The Bag of Words tutorial guides you through every steps you need to take in order to enter a submission to a competition, plus gives you a brief and exciting introduction into natural language Processing(NLP). I ended the tutorial with much higher interest in NLP than I had when entering it.
詞袋模型的教程會引導你一步一步提交一次比賽結果众旗,另外給你簡要并激奮的介紹了和NLP(自然語言處理)相關的內容。這也讓我除了提交的流程之外更多的對NLP產(chǎn)生了興趣趟畏。
Friday: Back to school
周五:回到學校
Friday, I continued working on the Kaggle tutorials, and also started Udacity’s Intro to Machine Learning. I’m currently half ways through, and find it quite enjoyable.
周五贡歧,我繼續(xù)把時間花在Kaggle上,也開始了學習Udacity’s Intro to Machine Learning課程赋秀,現(xiàn)在已經(jīng)完成了一半的學習利朵,我發(fā)現(xiàn)里面有很多有意思的東西。
It’s a lot easier the Coursera course, as it doesn’t go in depth in the algorithms. But it’s also more practical, as it teaches you Scikit Learn, which is a whole lot easier to apply to the real world than writing algorithms from the ground up in Octave, as you do in the Coursera course.
在Coursera的課程中有很多相對更簡單的課程沃琅,并沒有詳細深入的介紹這些算法哗咆。
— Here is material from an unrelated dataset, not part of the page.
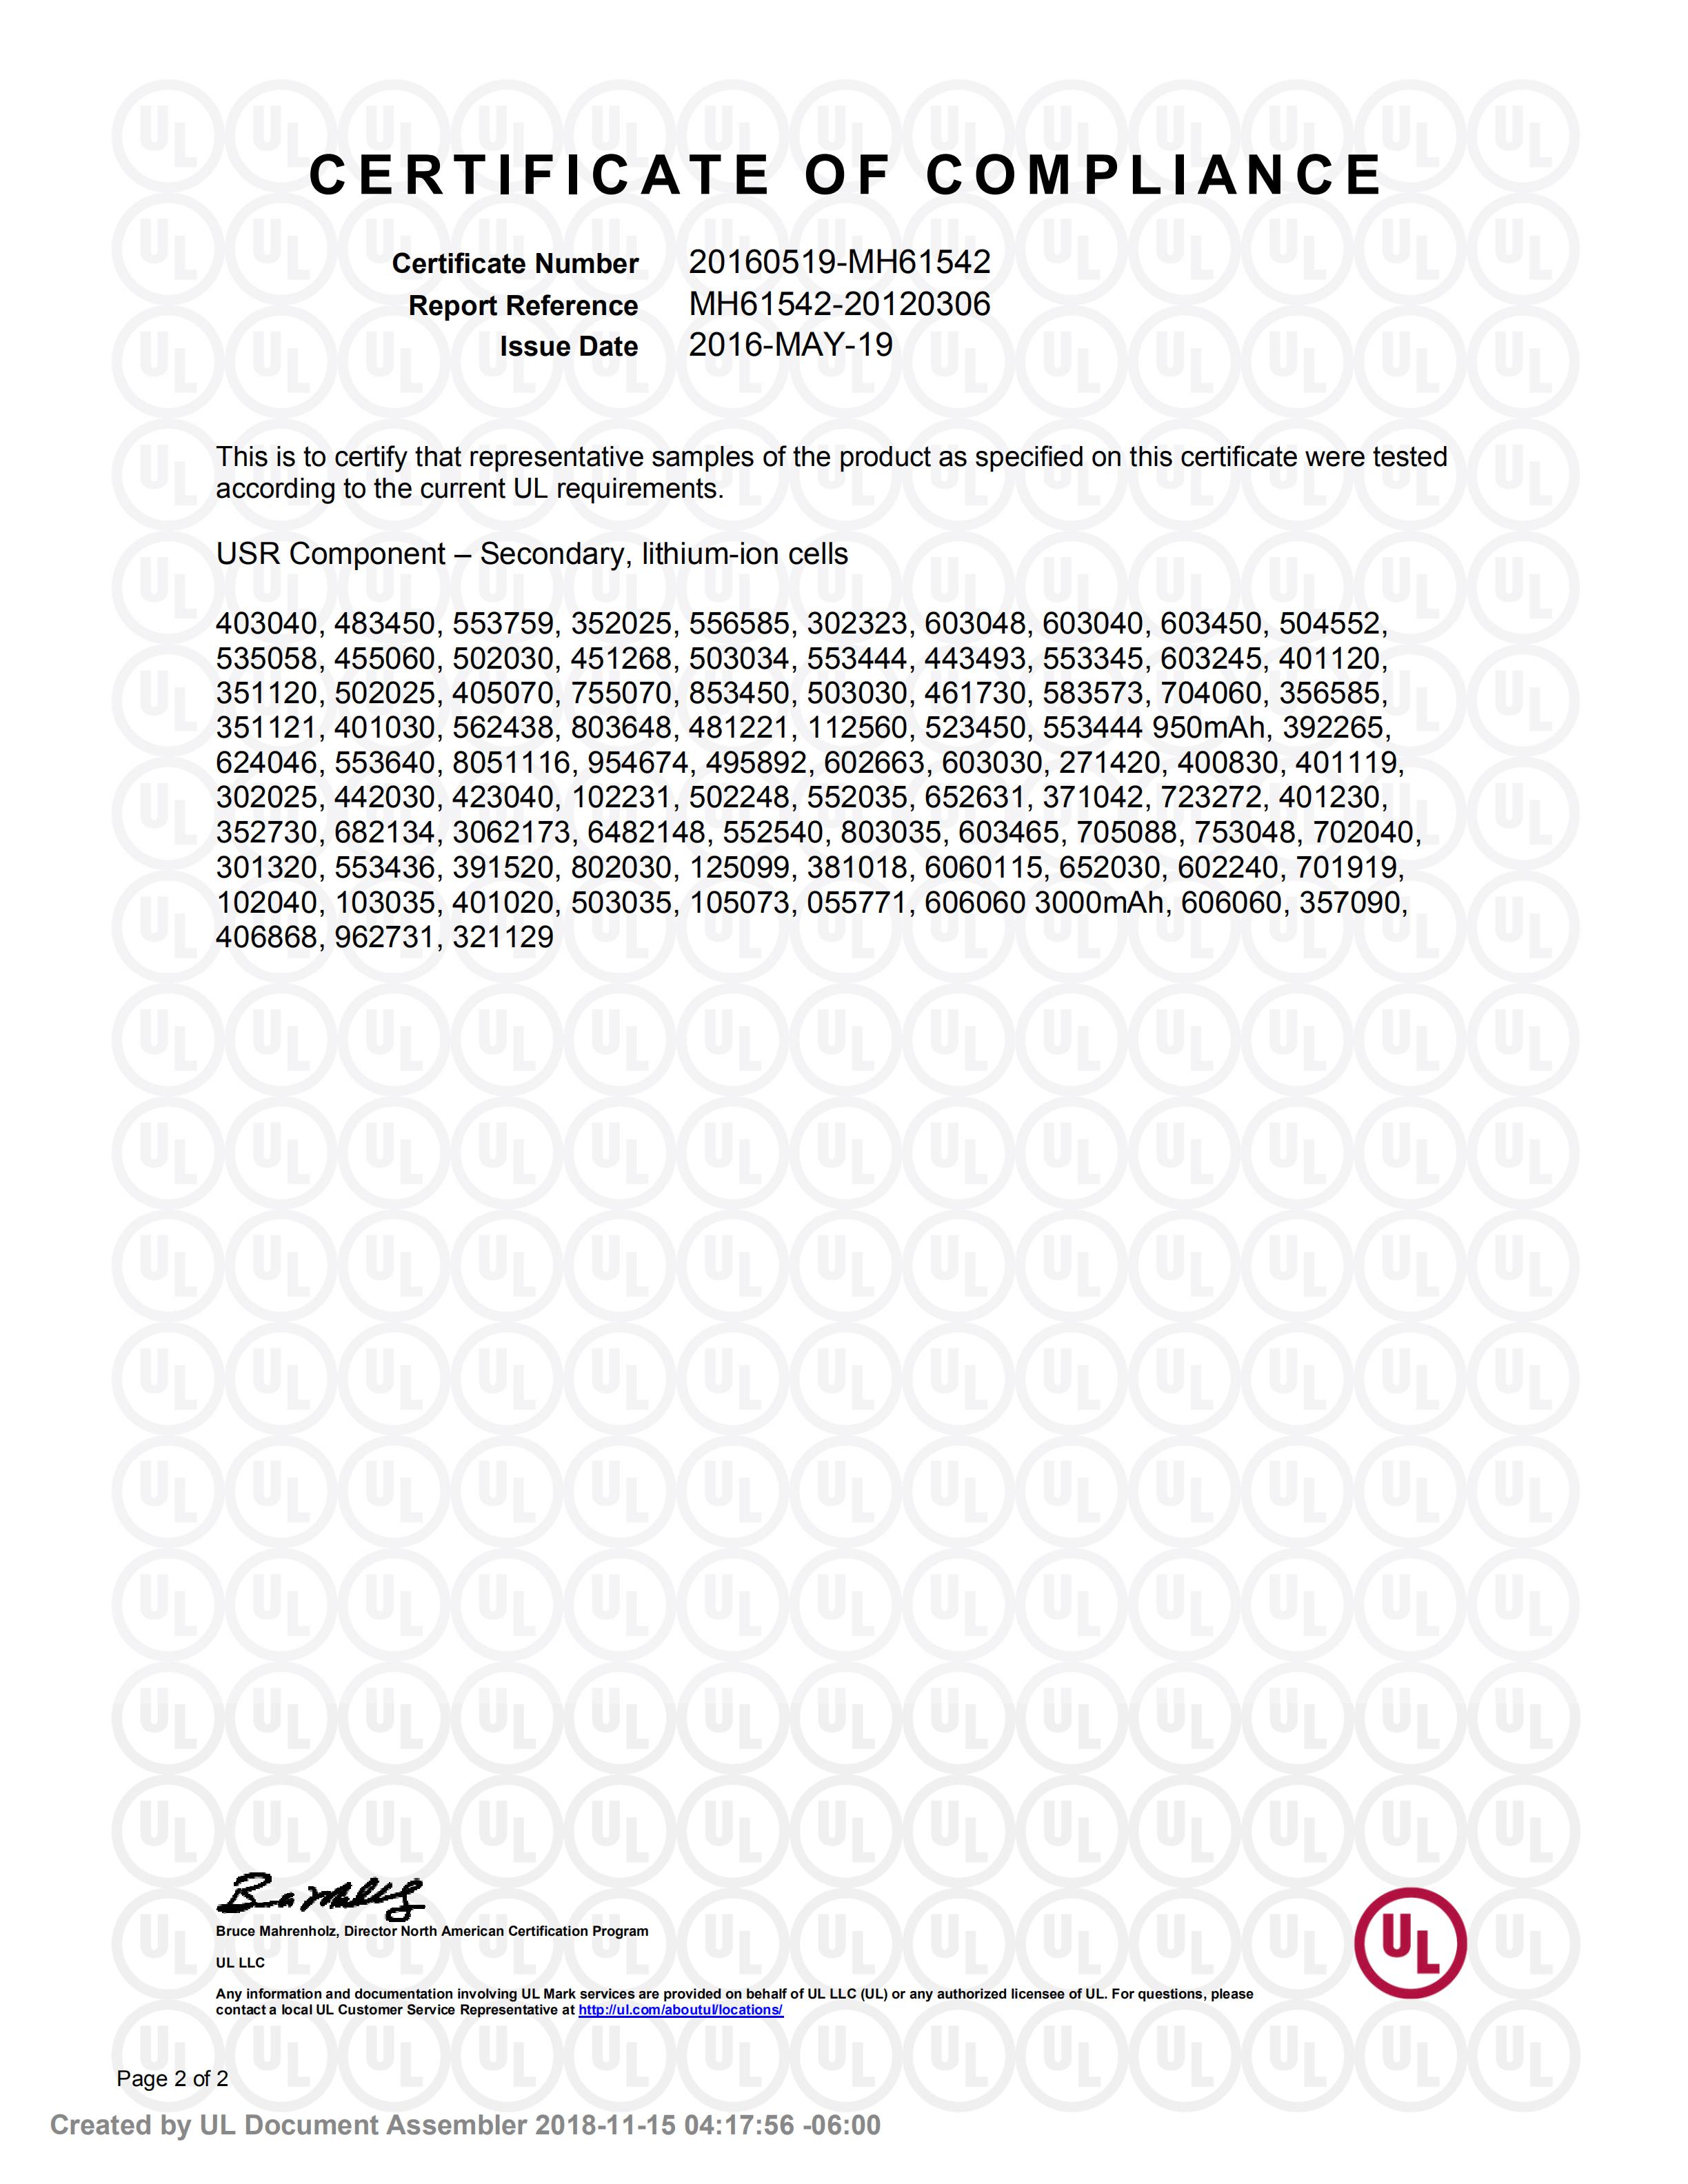 A&S Power UL1642 Certification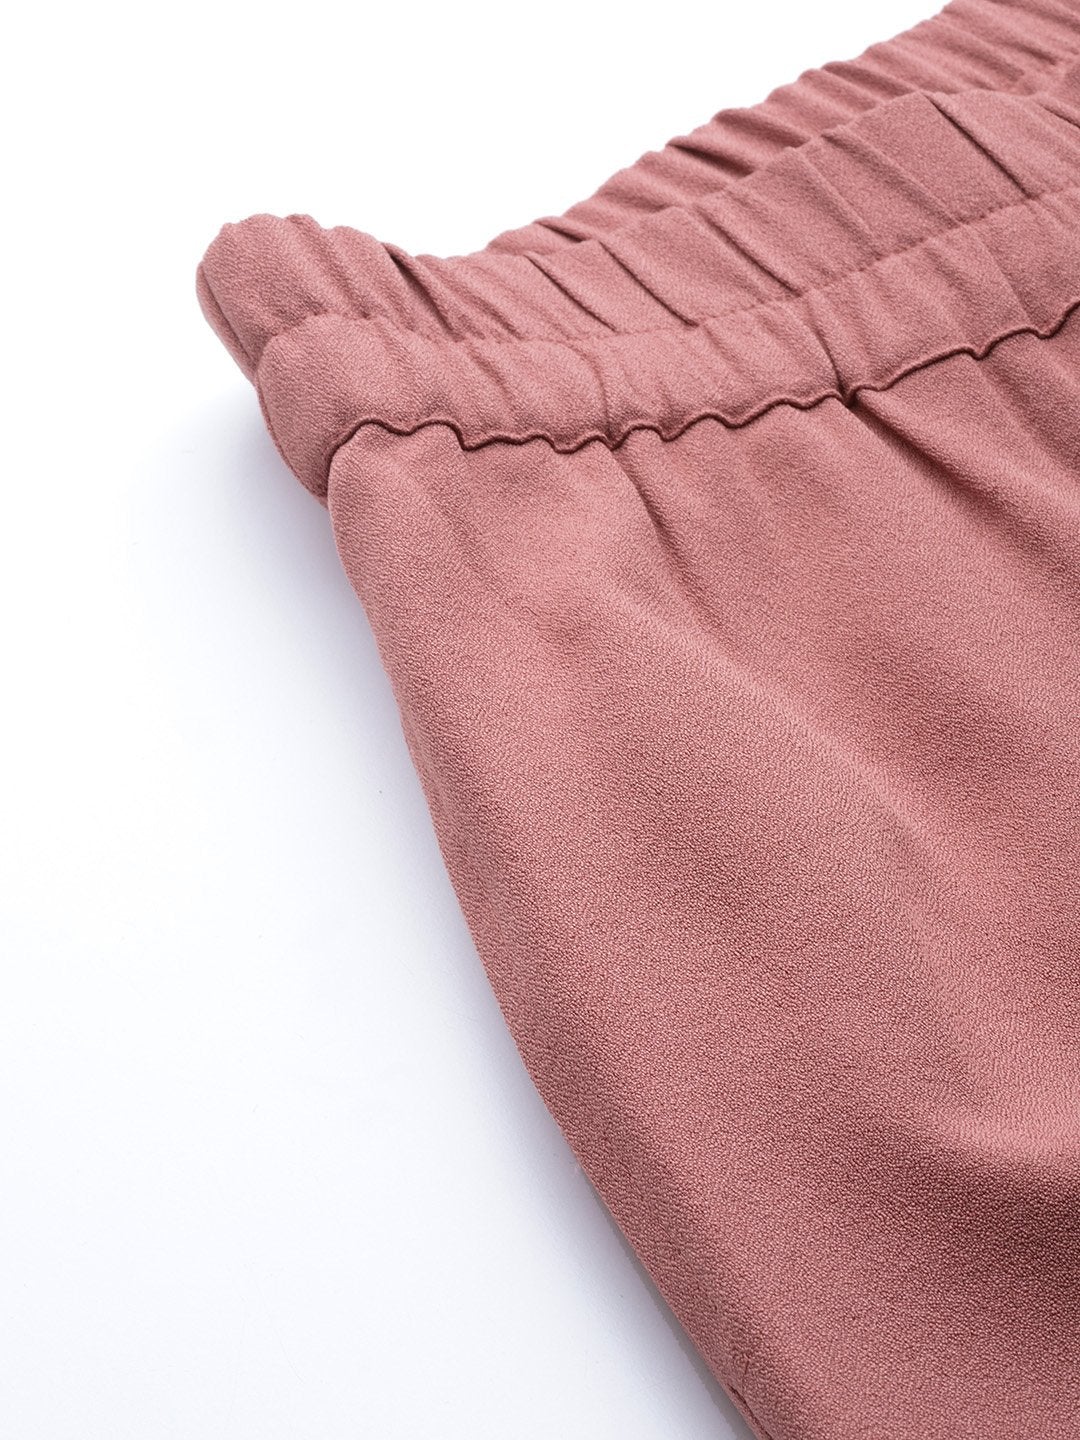 Women's Pink Roll Up Pants - SASSAFRAS

相對來說,更多的Scikit Learn相關的練習益眉,這些聯(lián)系比起從Octave上從頭開始寫一個算法來說更容易在現(xiàn)實中得到應用晌柬。
The road ahead
前方的路
Doing it for a week hasn’t just been great fun, it has also helped my awareness of its usefulness of machine learning in society. The more I learn about it, the more I see which areas it can be used to solve problems.
過去的一周不僅僅讓我獲得了極大的成就感姥份,還讓我意識到機器學習在社會中的應用。我越對機器學習了解越多年碘,發(fā)現(xiàn)有越多的領域可以用機器學習的方式來解決澈歉。
If you’re interested in getting into machine learning, I strongly recommend you setting off a few days or evenings and simply dive into it.
如果你有興趣進入機器學習的世界,強烈推薦你騰出一些天或者一些晚上出來屿衅,好好的研究下這個領域埃难。
Choose a top down approach if you’re not ready for the heavy stuff, and get into problem solving as quickly as possible.
如果你還沒有準備好全面深入的學習這些東西,建議選擇由上至下的方法涤久,從盡快找一個需要解決的問題域開始涡尘。